■ **Task details**
Every line of the listing must be reproduced as it stands. Leave the images behind.

■ **Given data**
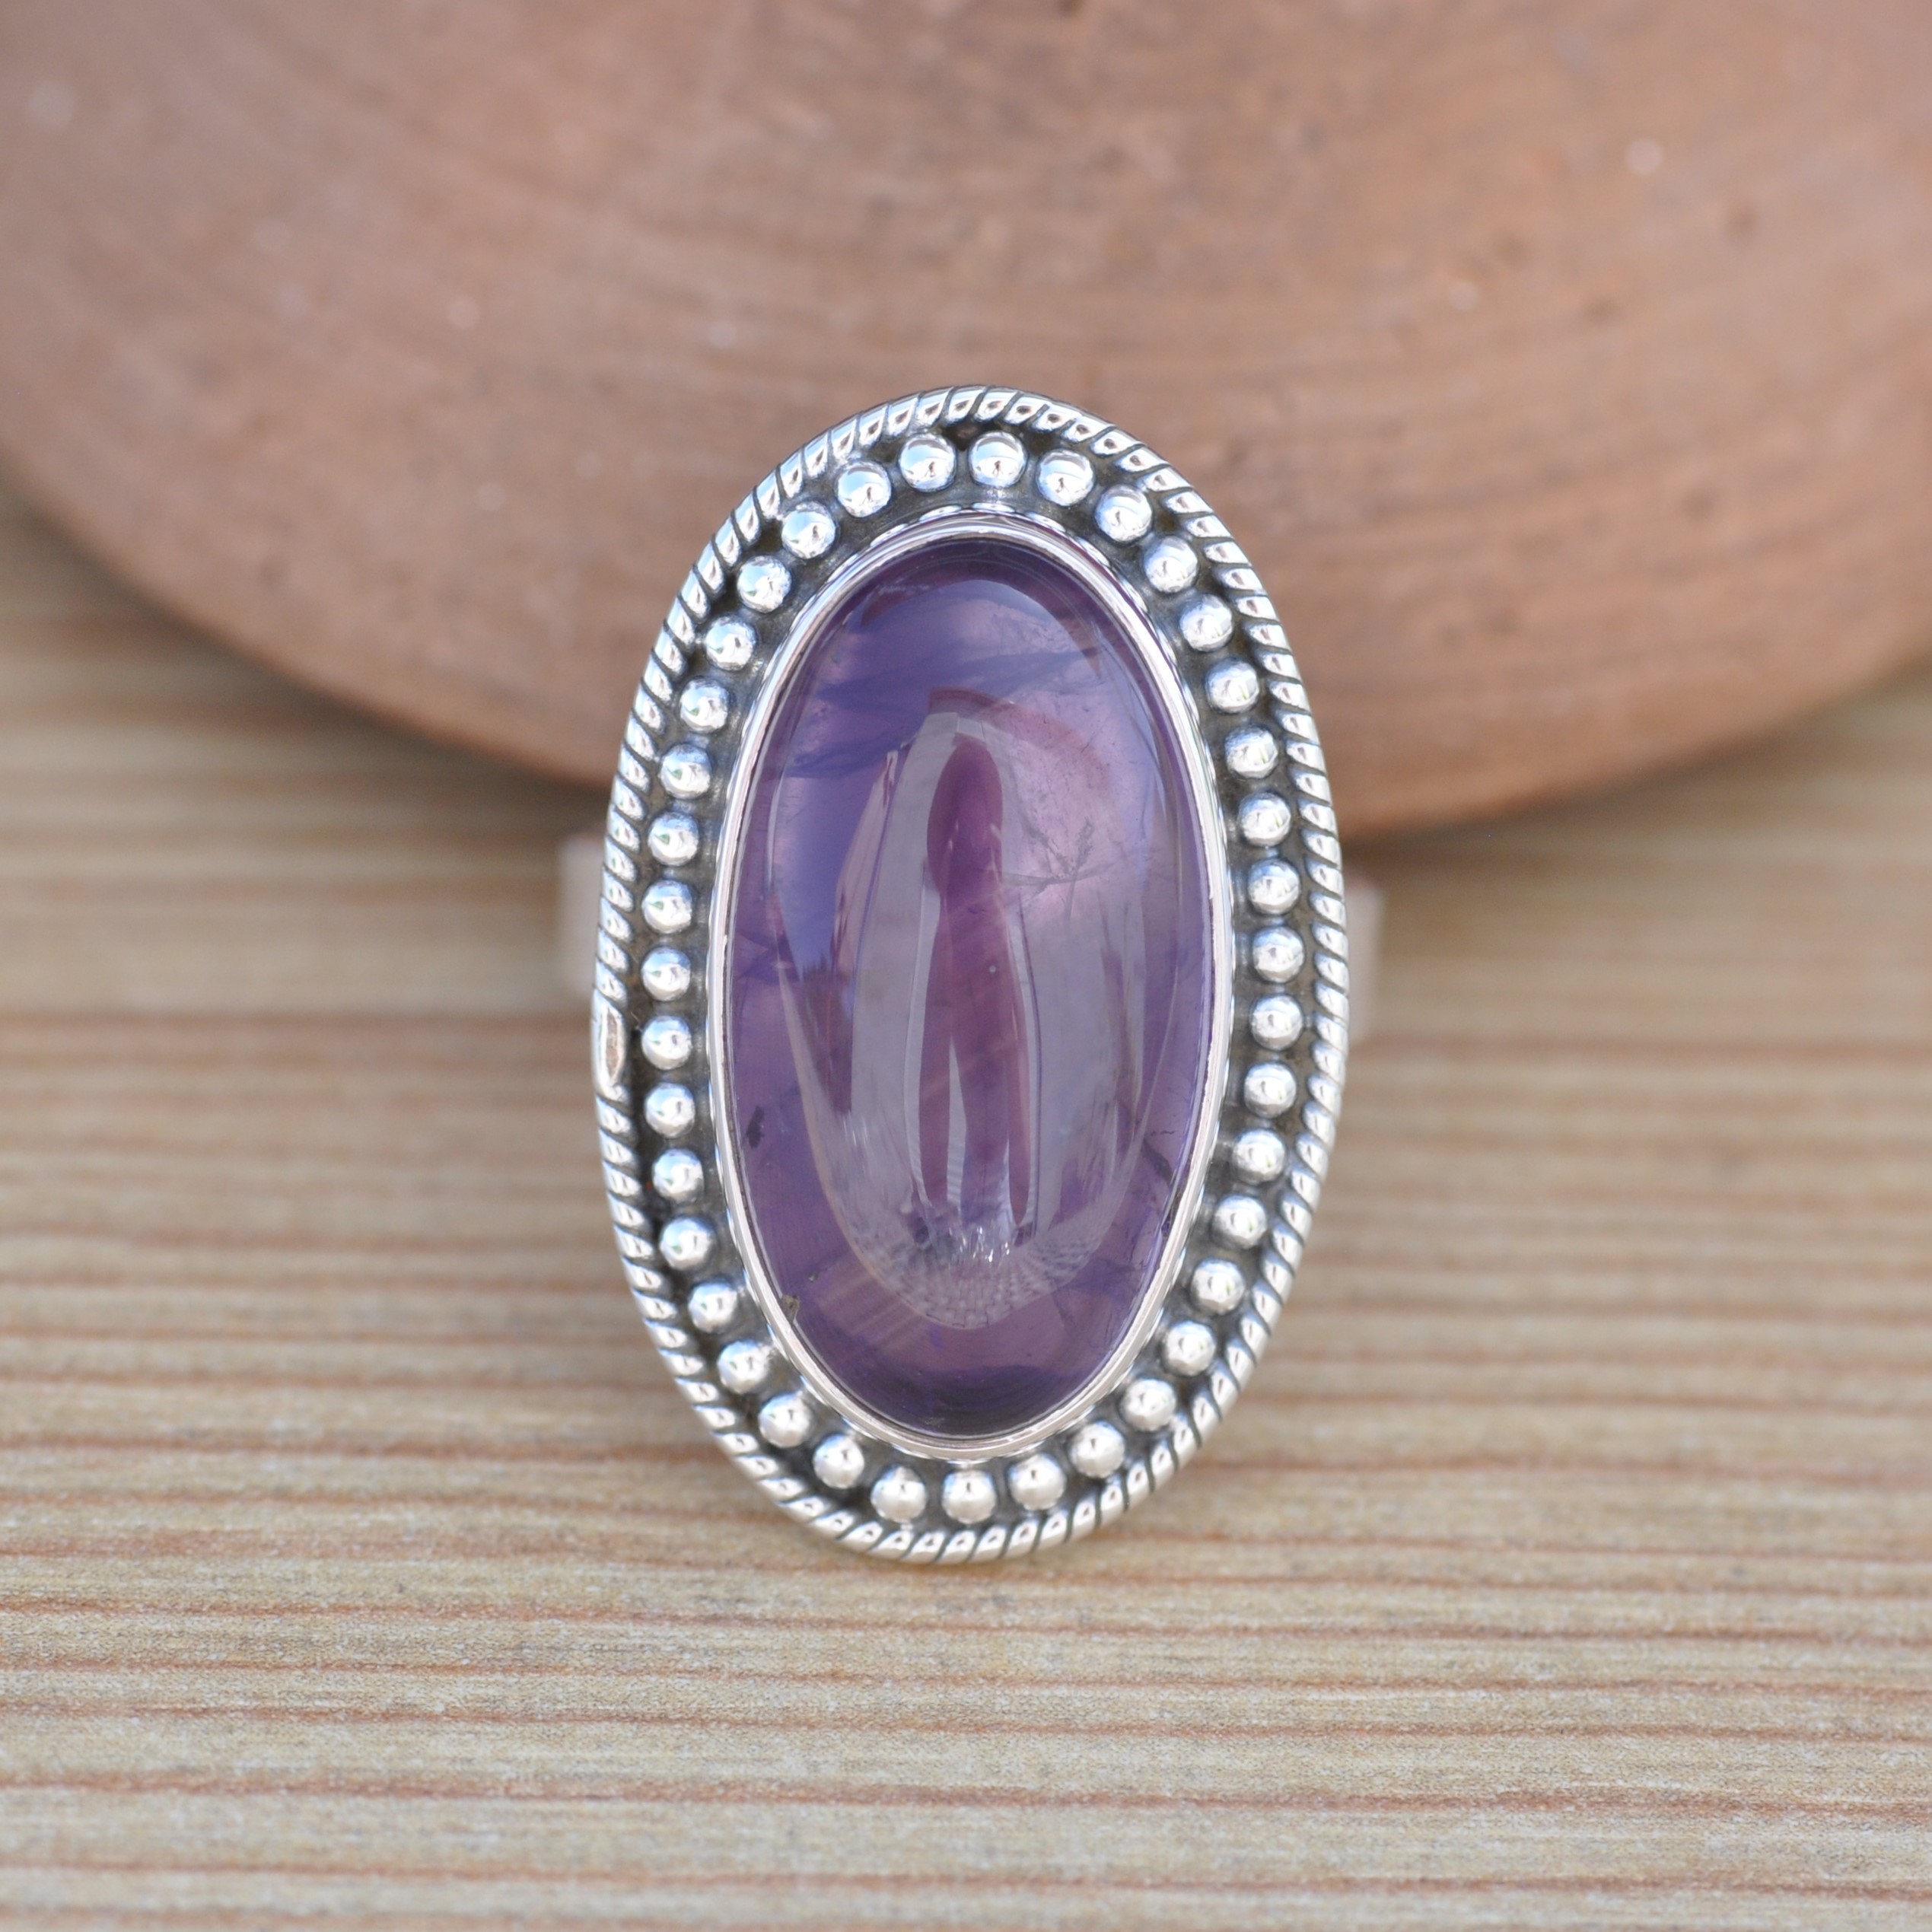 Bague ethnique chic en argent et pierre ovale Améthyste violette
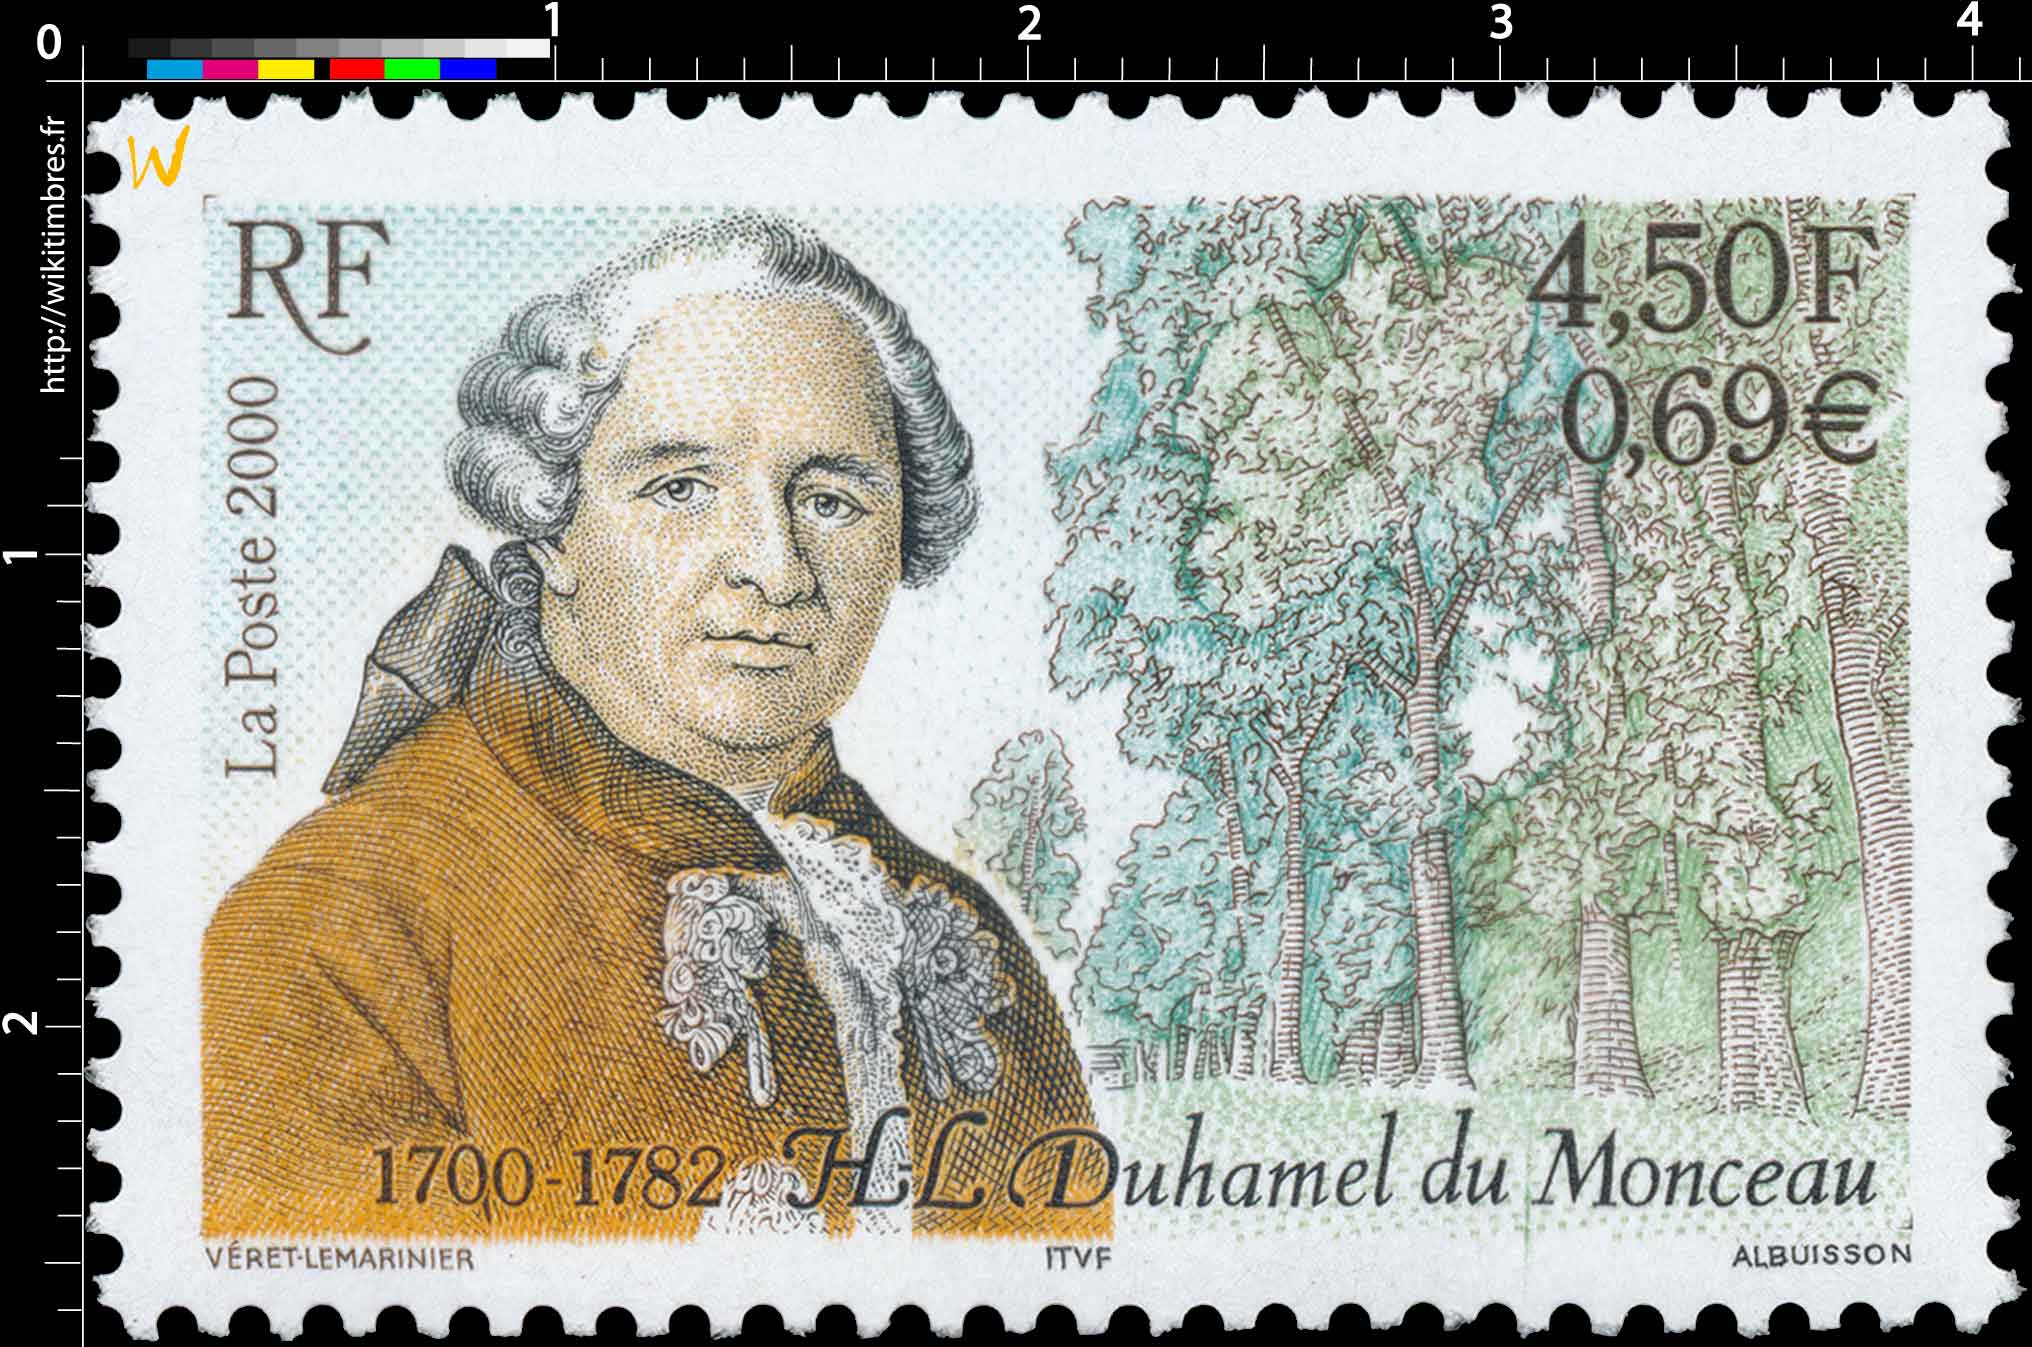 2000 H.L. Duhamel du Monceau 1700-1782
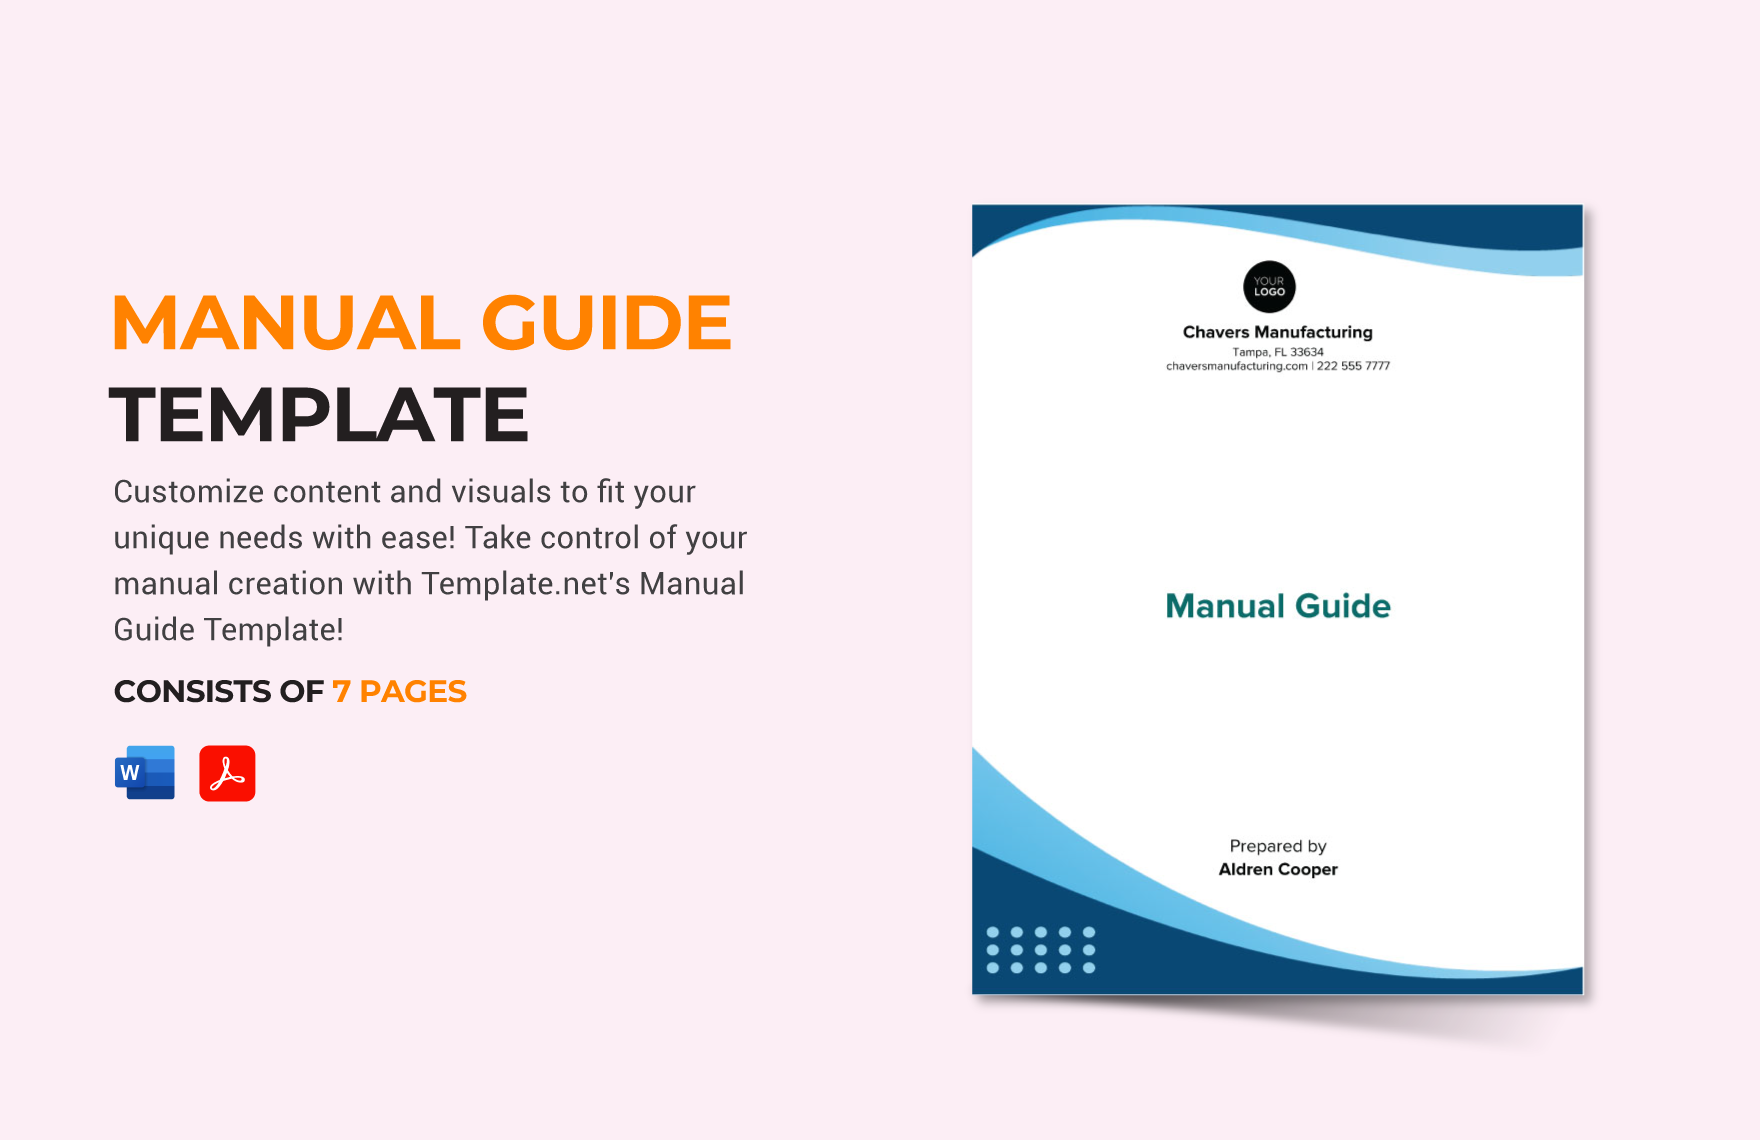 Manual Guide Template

■ **Expected answer**
 Bague ethnique chic en argent et pierre ovale Améthyste violette
 2000 H.L. Duhamel du Monceau 1700-1782
 Manual Guide Template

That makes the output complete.